In Rom soll ein solches Corona-Zimmer nach einer Vereinbarung mit den Hoteliers etwa 30 Euro kosten. Kostendeckend ist das für die Betreiber nach Angaben des Verbandes allerdings kaum. Die Unterkünfte täten das auch, da der Tourismus derzeit «in die Knie» gegangen sei. In Rom öffnete einem Bericht der Zeitung «La Repubblica» zufolge etwa ein Luxushotel am Stadtrand seine Pforten für Covid-19-Patienten. Im Zentrum gibt es demnach Angebote von Bed-and-Breakfast-Unterkünften in bester Lage dafür.

Eine ähnliche Idee gab es auch in Deutschland: Die Ärztegewerkschaft Marburger Bund plädierte jüngst dafür, dass positiv Getestete ihre Quarantäne auch in einem Hotelzimmer verbringen können. Das Angebot solle freiwillig sein und nur für Menschen gelten, die keine oder nur schwache Symptome haben, sagte die Vorsitzende des Marburger Bundes, Susanne Johna, kürzlich den Zeitungen der Funke Mediengruppe. (Tageskarte berichtete)

Die Pandemie traf die italienischen Hoteliers hart. Nach einem Bericht der Federalberghi waren in den Monaten von Januar bis Juli dieses Jahres rund 77 Prozent weniger ausländische Touristen in Italien als im Vorjahreszeitraum. Die Branche befürchtet für 2020 einen Umsatzrückgang von bis zu 80 Prozent im Vergleich zu 2019.

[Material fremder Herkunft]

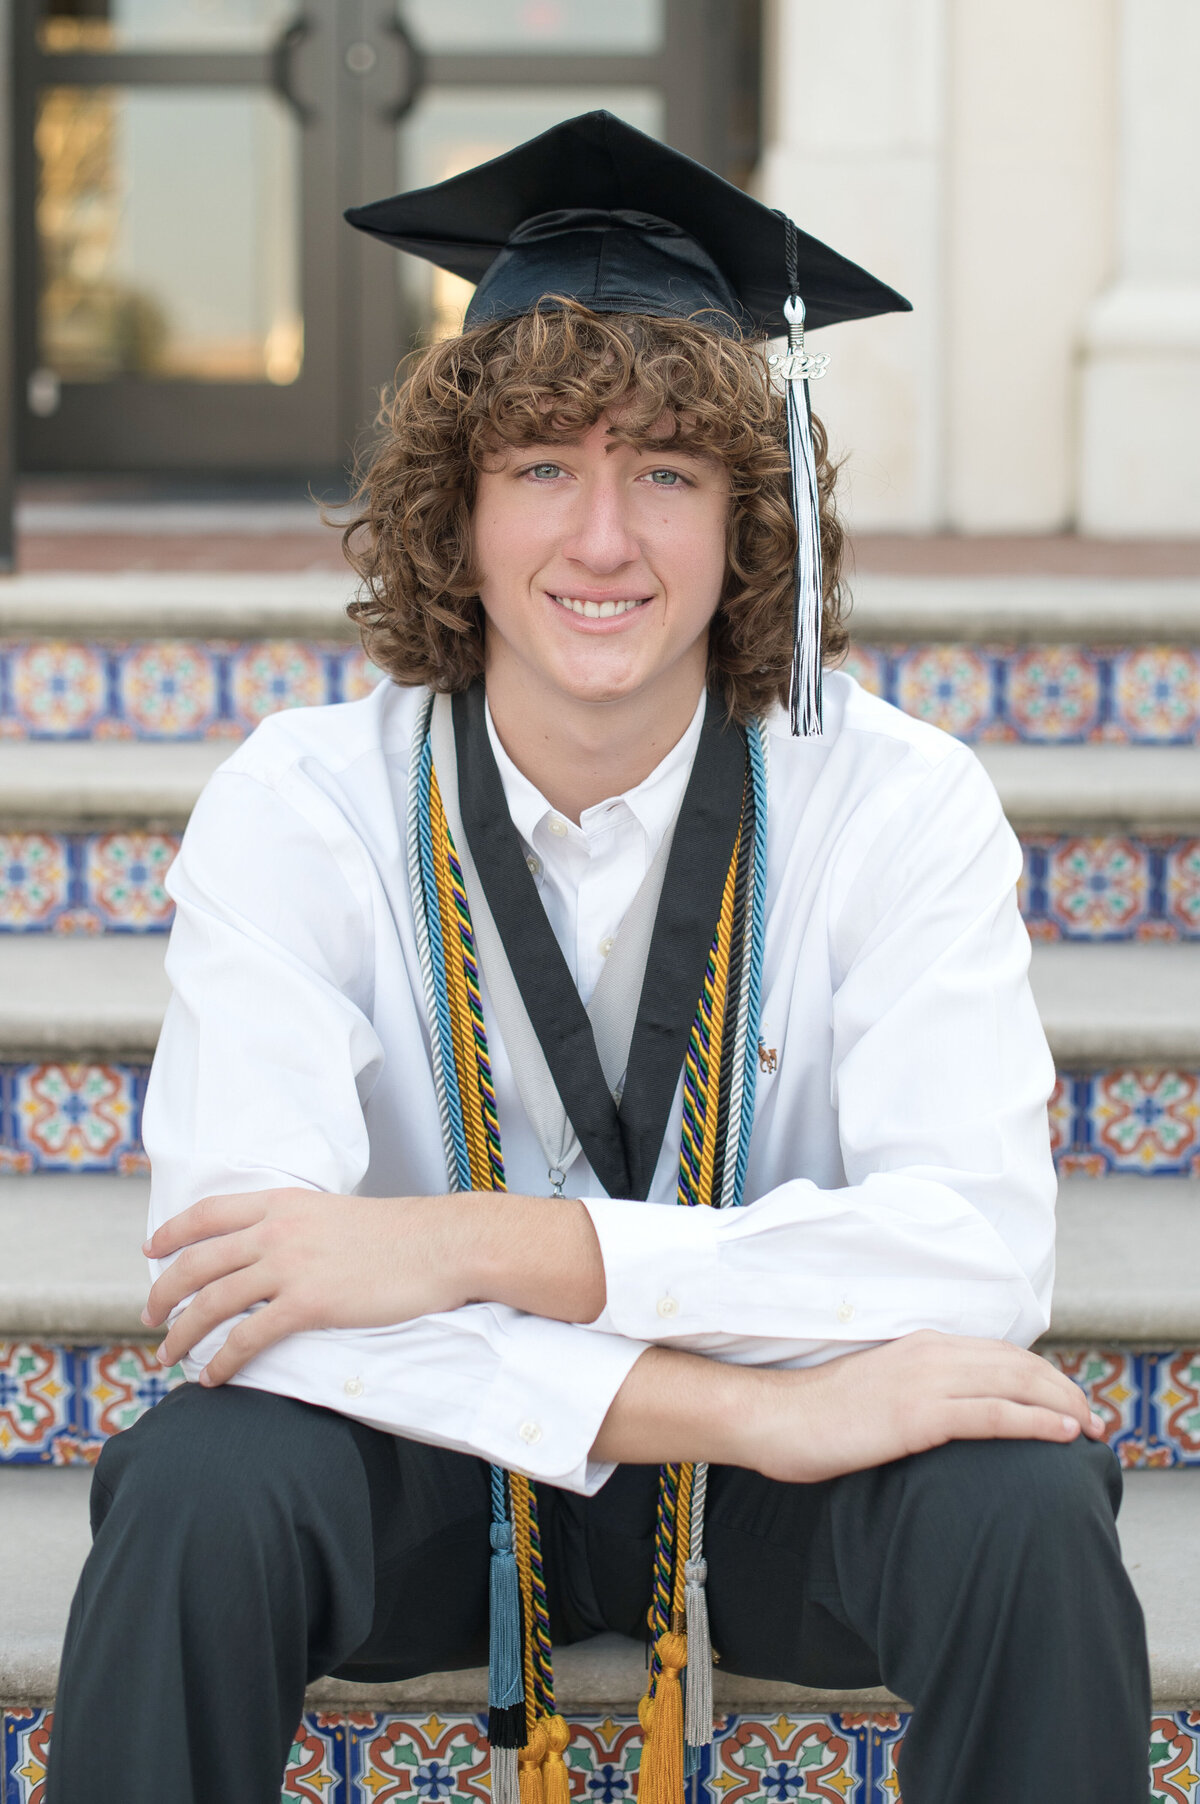 High school senior boy sitting on steps with cap and honors cords smiling at the camera.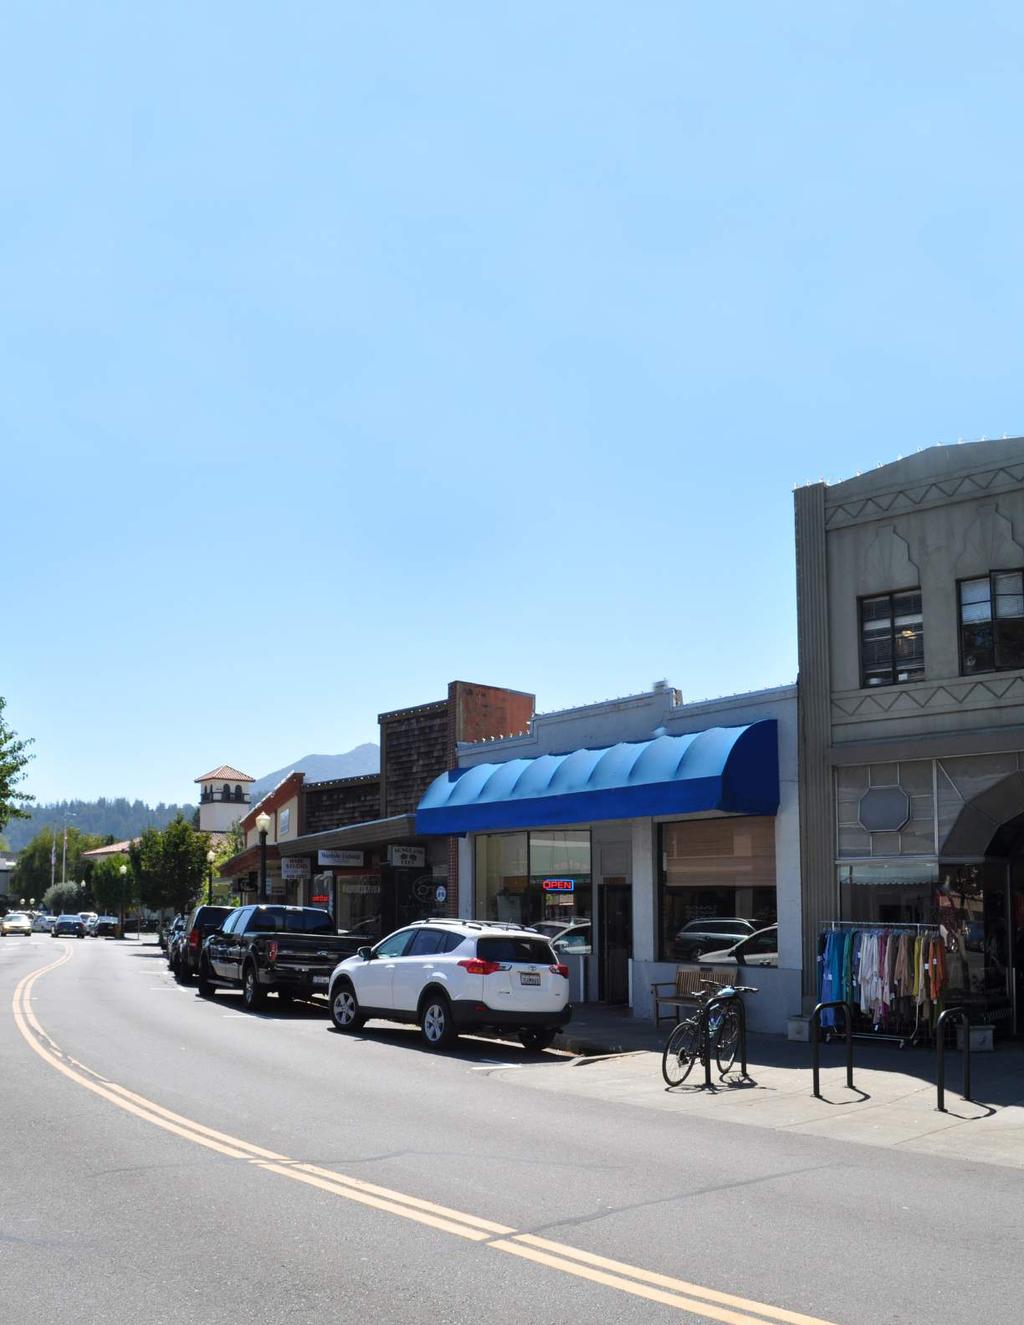 FOR SALE FOR LEASE 625 SAN ANSELMO AVE $1,95,. 4,233 Sq. Ft.

Italien überschritt am Mittwoch nach Angaben der Gesundheitsbehörden die Schwelle von einer Million registrierten Corona-Fällen. Binnen 24 Stunden verzeichneten sie mehr als 600 Menschen, die mit Sars-CoV-2 gestorben waren - ein Höchstwert seit mehr als einem halben Jahr. In mehreren Regionen Italiens herrscht aufgrund der aktuellen Lage ein Lockdown, wie etwa in Bozen-Südtirol und Piemont. (dpa)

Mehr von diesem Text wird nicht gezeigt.